If you watch the pomp and pageantry of yahya’s inauguration, the multi million dollar extravaganza that follows: be it the free Youssou Ndour show or the McCarthy Square gala where our boy king (Yahya) was dancing like a kid in a candy store, you wouldn’t know that thousands of his country men are struggling day in and out to get a square meal. Our braggart of a president was also sound engineer on that fateful day. He kept walking from his seat to check on the sound system the type of which he claimed doesn’t exist on the African continent. In fact if you believe Yahya only four of its kind exist in this world and he is the proud owner of one. The best part of his con game is when he claimed to have purchased the system for the youth. I couldn’t help but yell bullshit at the TV.

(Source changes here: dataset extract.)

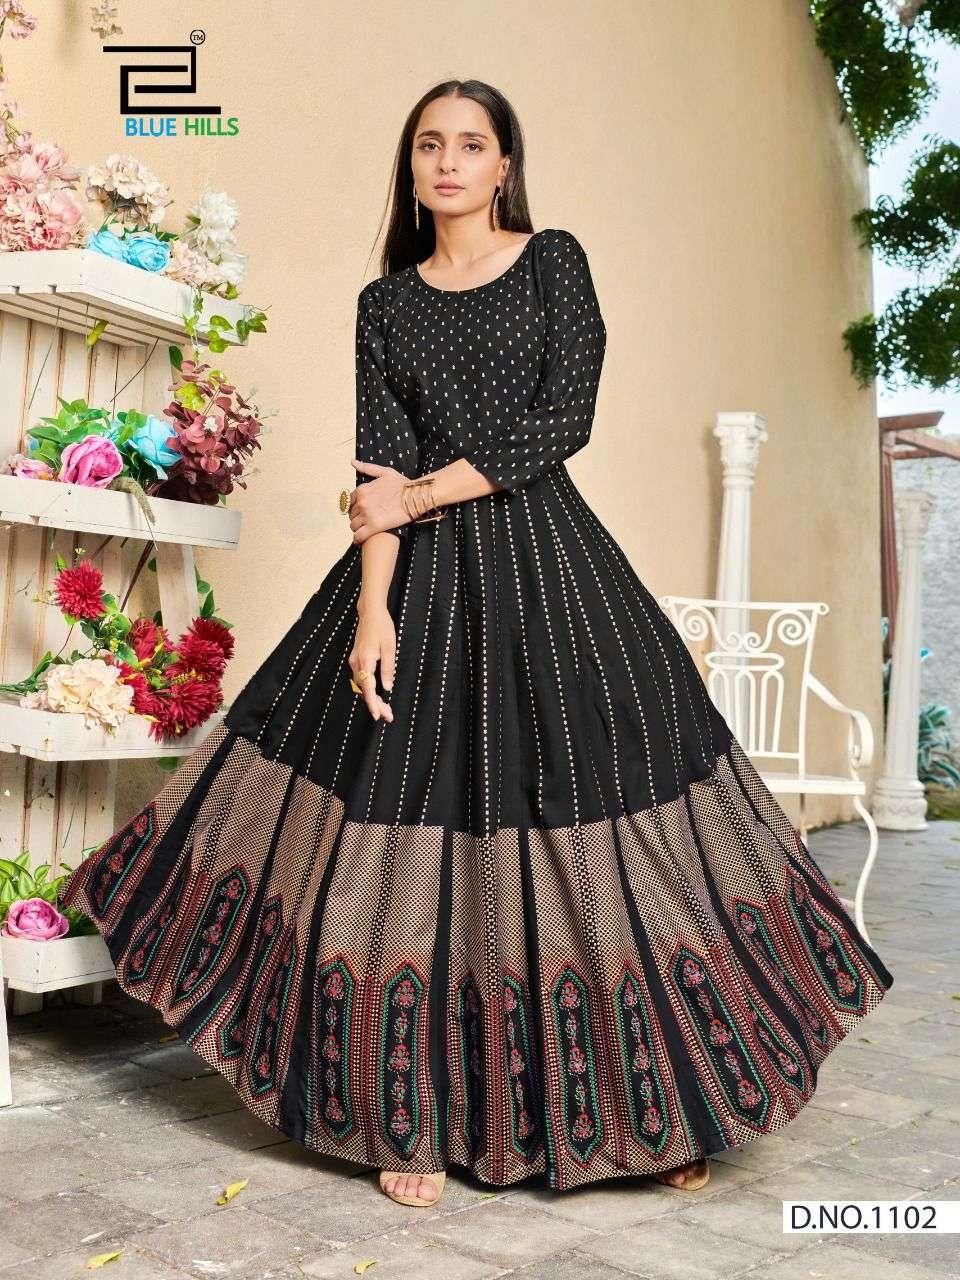 Blue Hills Poshak Vol 1 Long kali Style Rayon Kurti Gown Catalog Wholesale Price
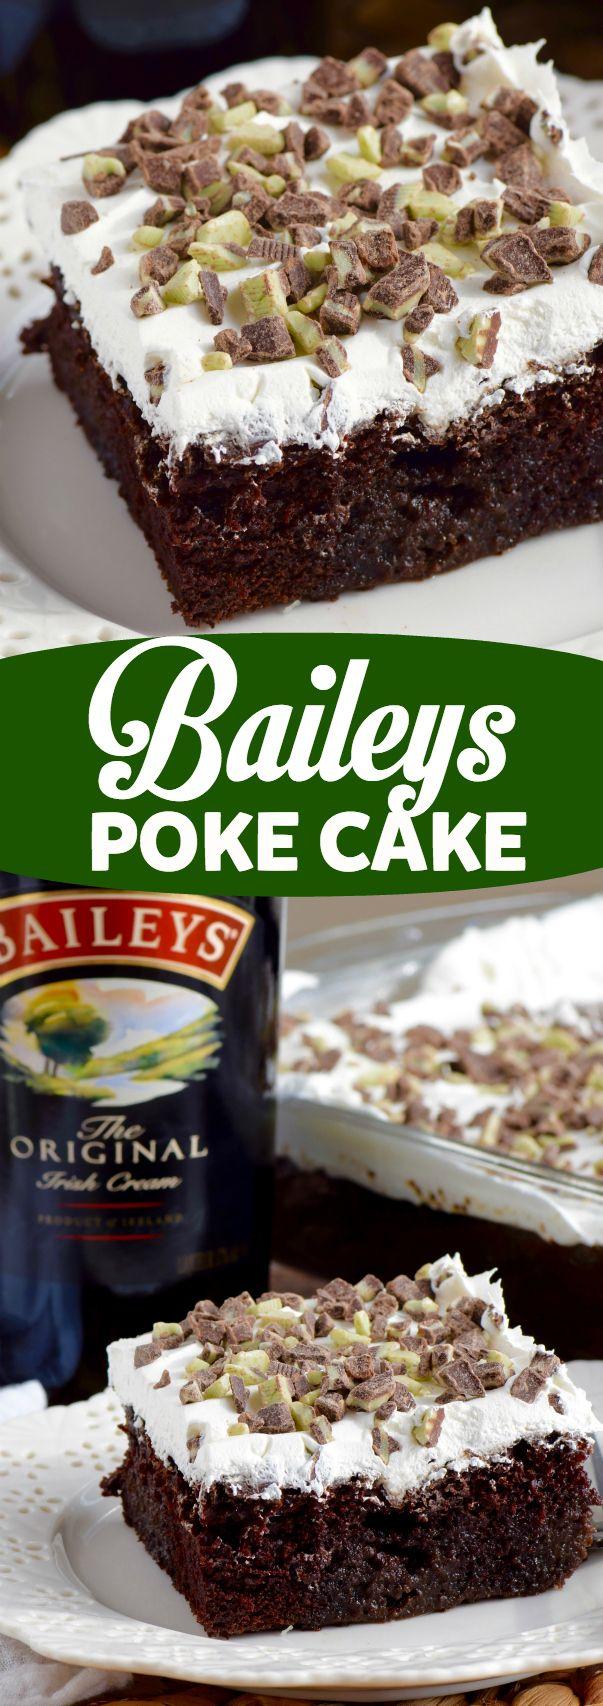 Baileys mint chocolate cake recipe

That in essence is what the Gambia has degenerated into. The government is synonymous with Yahya. Taxpayer funded projects are Yahya’s projects. All you hear is Yahya did this, Yahya did that. It makes one wonder what good is the Gambia government?

Opposition politics is virtually dead on the ground. Granted there are thousands of people who oppose Yahya with a vengeance, but the leadership and organization to make it a viable force to reckon with is lacking. The opposition parties are electioneering entities. What we need to counter Jammehism is a movement and nobody is offering Gambians that kind of radical shift. Instead what we have is half ass election year politicians and in the intervening years they are dormant. PDOIS came close to a movement but they are too dogmatic. You’ve got to win first in a society like the Gambia before people start listening to you. Educating them when someone else has a larger microphone to drown you out with will not get you far. And that has been what plague PDOIS from the jump-start.

With hundreds of thousands of unemployed youth daydreaming about making it to Babylon (Europe and US), an explosive situation is brewing in the country. It is a dangerous and flammable issue that needs concrete policies to solve and not the infantile demagoguery of Yahya Jammeh. He kept harping about working on youth issues, but thousands of them, semi educated and distraught roam the streets of urban Gambia with no plausible plans for the future. Our only hope for security is to pray that no sinister elements get through to them, because that would be catastrophic in consequences.

A new bourgeois class is burgeoning in the country. The old money learned to cope and lay low. They (old class) still possess most of the valuable pieces of property in the Gambia. They are mostly anti establishment, but the terror that comes with publicly opposing the king of Kanilai is too much of a bargain for most.

There is a construction boom going on. Almost all of the money behind comes in the form of remittances from those living abroad. No wonder every Gambian wants to send their kids abroad. Living and working in the Gambia (unless you are part of the bourgeois gang) will enable you to hardly feed your family not to think of building a house.

My Gambia trip is a mix bag of emotions. On one hand I was happy to see my family and friends again and enjoy that warm Gambian hospitality. But at the same time feel sad at the deplorable economic environment that most of my countrymen live in.